SEA: Learning to Rank


Details
This SEA will be all about ranking. We have two amazing speakers lined up: Thorsten Joachims from Cornell University and Raviteja Anantha from Apple.
*** IMPORTANT: Make sure to (1) attend the meetup on the meetup page and (2) ensure you receive emails from Meetup. Shortly before the event we will send you the Zoom link and password to attend, as well as the info you need to log in via the browser (if your organisation does not allow you to install Zoom). You will only receive this if you have done both these steps. ***
** 17:00 - 17:30 CET - Thorsten Joachims, Cornell University **
Title: Fair Ranking with Biased Data
Abstract: Search engines and recommender systems have become the dominant matchmaker for a wide range of human endeavors -- from online retail to finding romantic partners. Consequently, they carry immense power in shaping markets and allocating opportunity to the participants. In this talk, I will discuss how the machine learning algorithms underlying these system can produce unfair ranking policies for both exogenous and endogenous reasons. Exogenous reasons often manifest themselves as biases in the training data, which then get reflected in the learned ranking policy and lead to rich-get-richer dynamics. But even when trained with unbiased data, reasons endogenous to the algorithms can lead to unfair or undesirable allocation of opportunity.
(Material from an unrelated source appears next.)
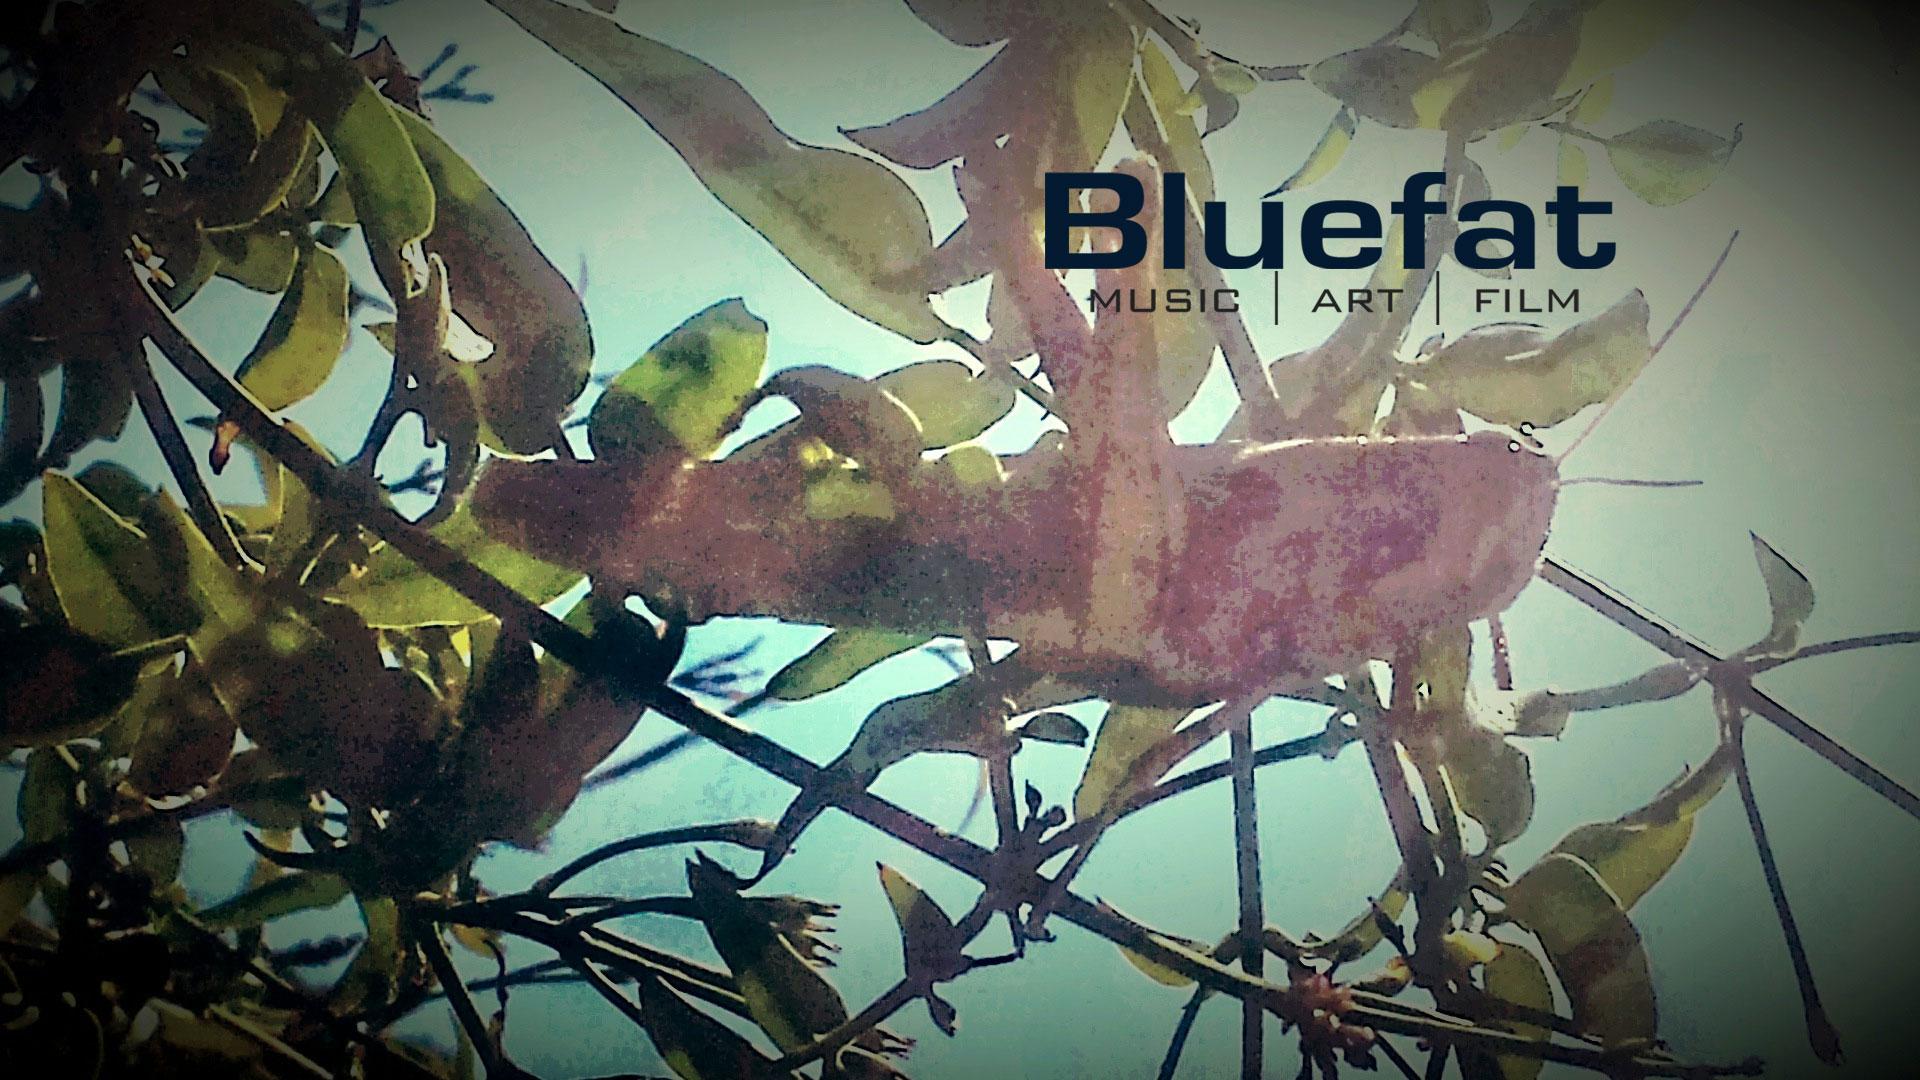 Bluefat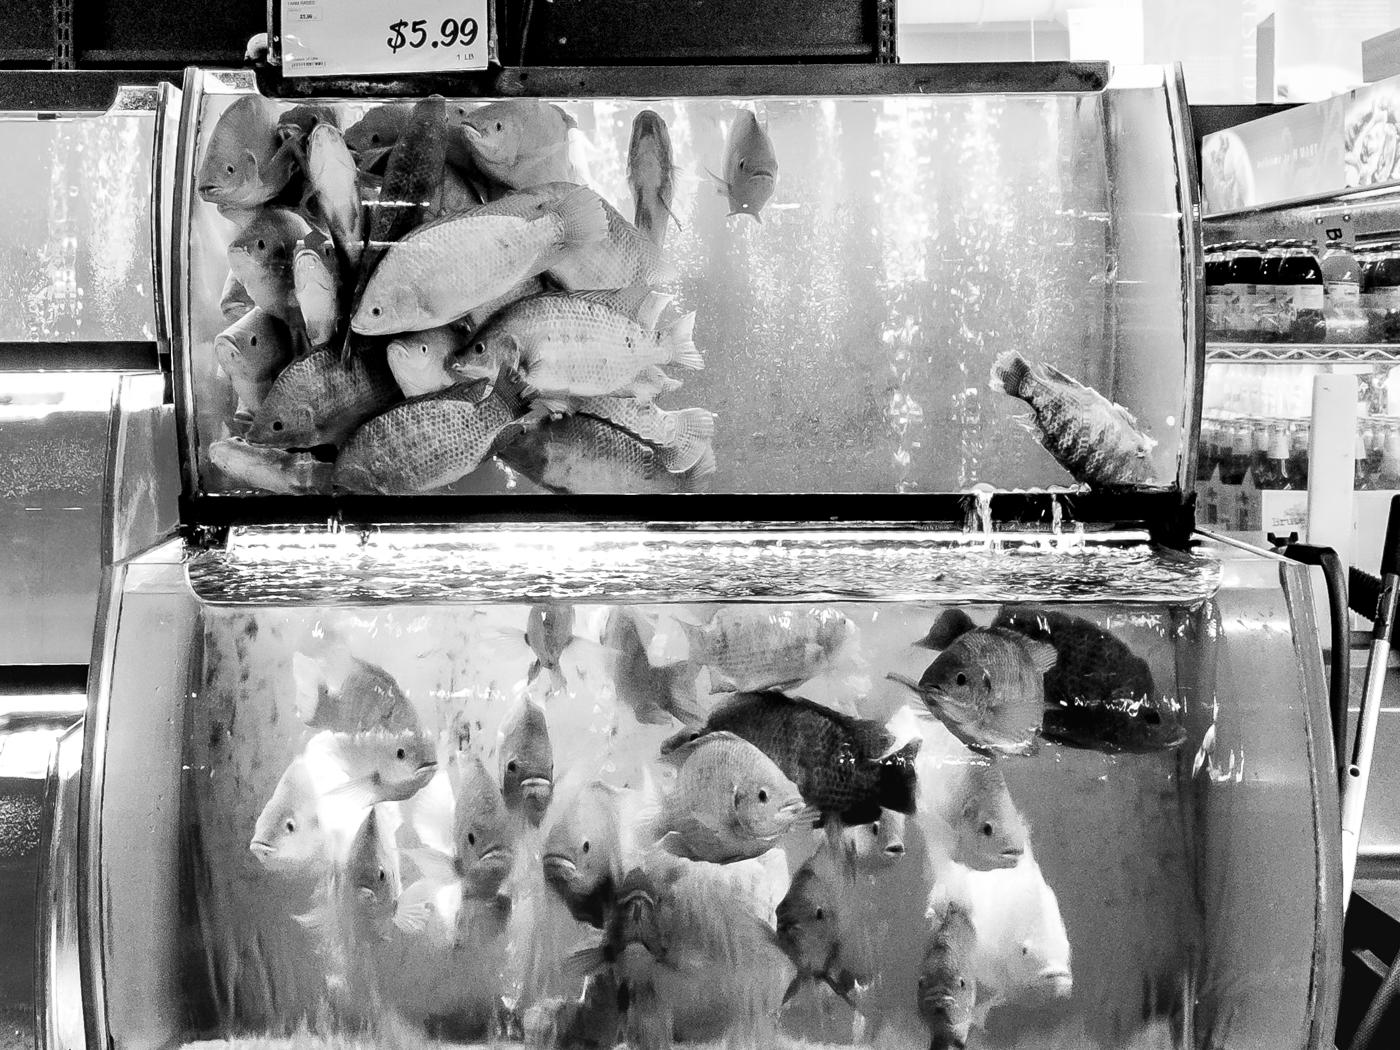 190210_DeadFish_Hmart_135535.jpg

To overcome these challenges, I will present new machine learning algorithms that directly address both endogenous and exogenous unfairness.
** 17:30 - 18:00 CET - Raviteja Anantha, Apple **
Title: Learning to Rank Intents in Voice Assistants
Abstract: Voice Assistants aim to fulfill user requests by choosing the best intent from multiple options generated by its Automated Speech Recognition and Natural Language Understanding sub-systems. However, voice assistants do not always produce the expected results. This can happen because voice assistants choose from ambiguous intents—user-specific or domain-specific contextual information reduces the ambiguity of the user request. Additionally the user information-state can be leveraged to understand how relevant/executable a specific intent is for a user request. In this work, we propose a novel Energy-based model for the intent ranking task, where we learn an affinity metric and model the trade-off between extracted meaning from speech utterances and relevance/executability aspects of the intent. Furthermore we present a Multisource Denoising Autoencoder based pretraining that is capable of learning fused representations of data from multiple sources. We empirically show our approach outperforms existing state of the art methods by reducing the error-rate by 3.8%, which in turn reduces ambiguity and eliminates undesired dead-ends leading to better user experience. Finally, we evaluate the robustness of our algorithm on the intent ranking task and show our algorithm improves the robustness by 33.3%.
After the two talks we will leave the Zoom call open for another half an hour, for any remaining questions. This always results in a nice discussion!